The specter of a player boycott if Donald Sterling were still to be the owner of the Clippers by the start of the 2014-15 season appears to have been dispelled. Judge Michael Levanas issued a sweeping oral ruling in favor of Shelley Stirling which would allow the proposed $2 billion sale of the team to Steve Ballmer to go through.
Shelley’s victory on the merits is not terribly unexpected. Donald’s reported histrionics as well as those of his attorney Max Blecher probably didn’t impress Levanas overly much. The Judge was well within his discretion to find the testimony of Shelley’s medical witnesses more credible than those of Donald and thus rule that control of the Sterling Family Trust (the technical owner of the team) passed to Shelley.
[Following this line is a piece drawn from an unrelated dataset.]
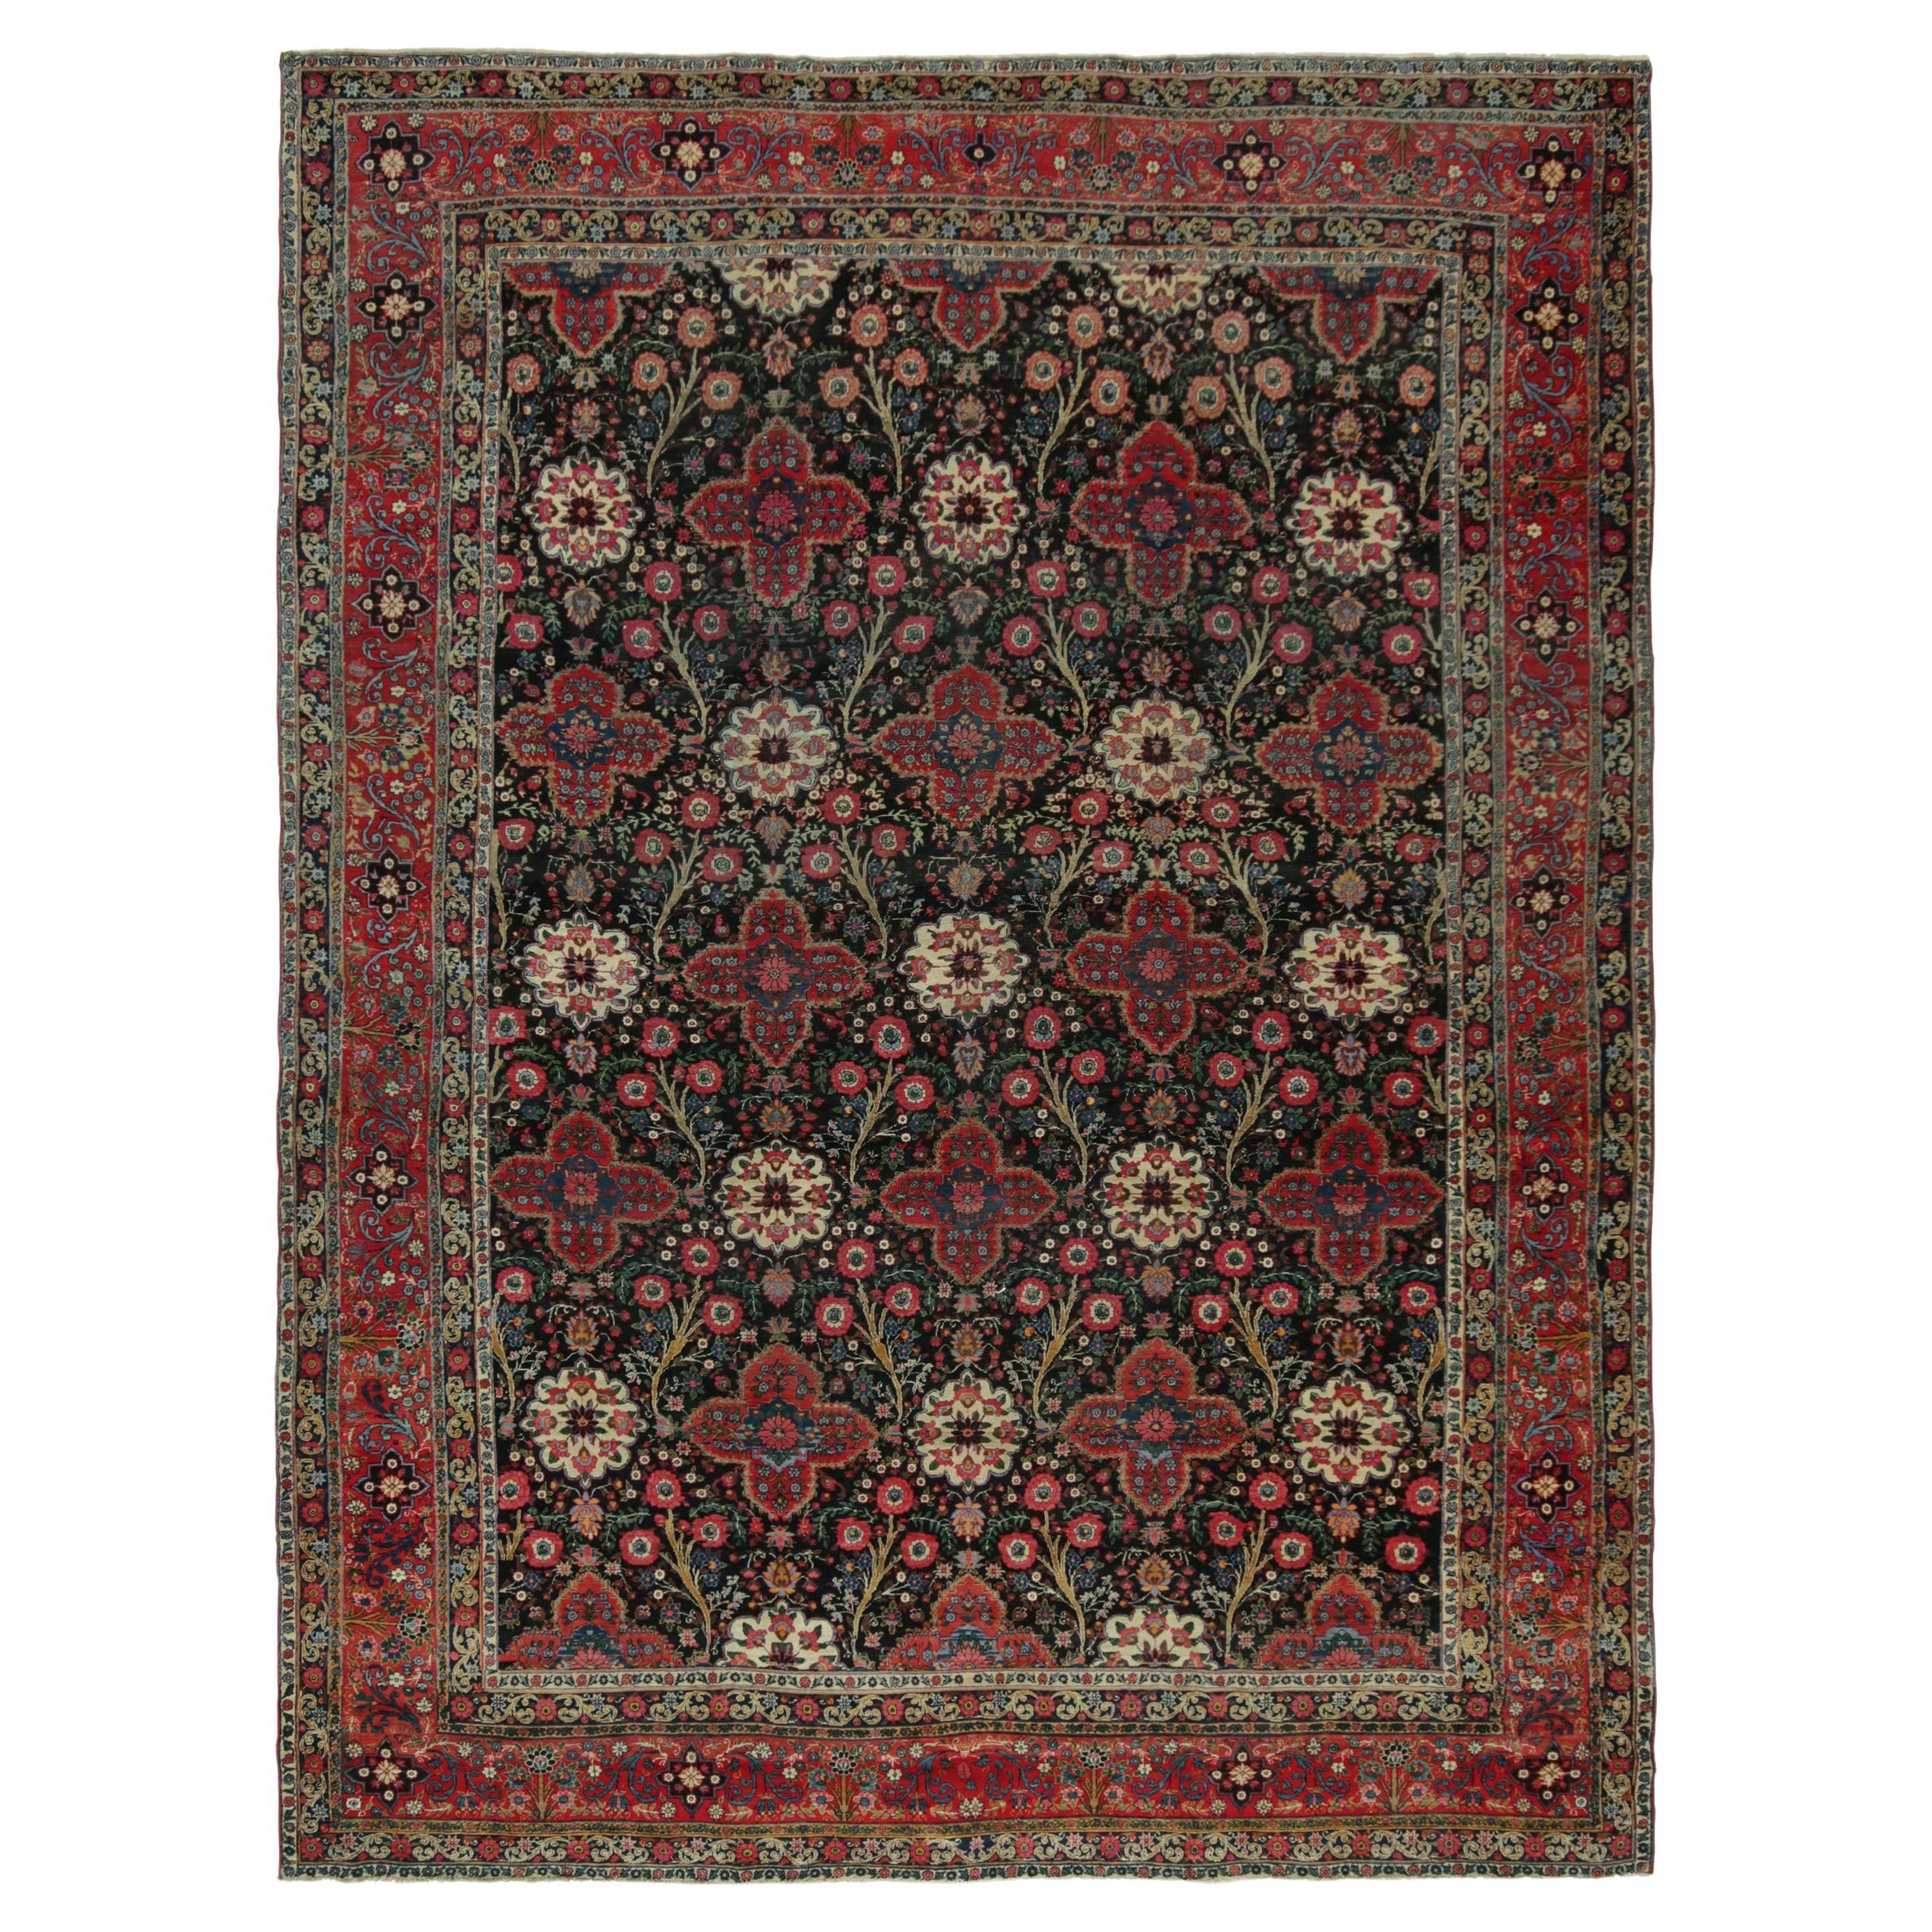 Antiker persischer Teppich in Schwarz mit roten Blumenmuster von Teppich & Kilim

The part of the ruling which was eye-opening was Levanas’ decision to invoke section 1310(b) of California Probate Code. This provision permits (but does not require) the court to allow Shelley Sterling the right to dispose of trust property, regardless of any pending appeal of the initial ruling. Essentially this means Shelley is free to sell the Clippers to Ballmer, and even if Donald were to reverse the decision on appeal, the sale would be not be disturbed under section 1311.
Though Donald Sterling has other court cases against the NBA, Shelley and Ballmer percolating, this ruling is a severe blow to Donald’s ability to delay the eventual sale of the team. Far more common in a dispute over a sale of an asset of the value and complexity of an NBA team would be for any sale proceedings to be enjoined until the resolution of an appeal. The preclusion of any such injunction dramatically alters the time frame for resolution of the issue of the sale of the team, even if suits between the Sterlings, the NBA and various other parts may linger for years as they wander through the California and federal court systems.
The invocation of section 1310(b) was described as “unusual” and “extraordinary” by Nathan Fenno of the Los Angeles Times. Levanas based that portion of the ruling on testimony such as that from Clippers’ interim CEO Richard Parsons who claimed the team would enter a “death spiral” if Donald Sterling were allowed to remain in charge. It is not known to what extent the threat of a boycott from Paul and other Clippers affected or influenced the judge’s decision.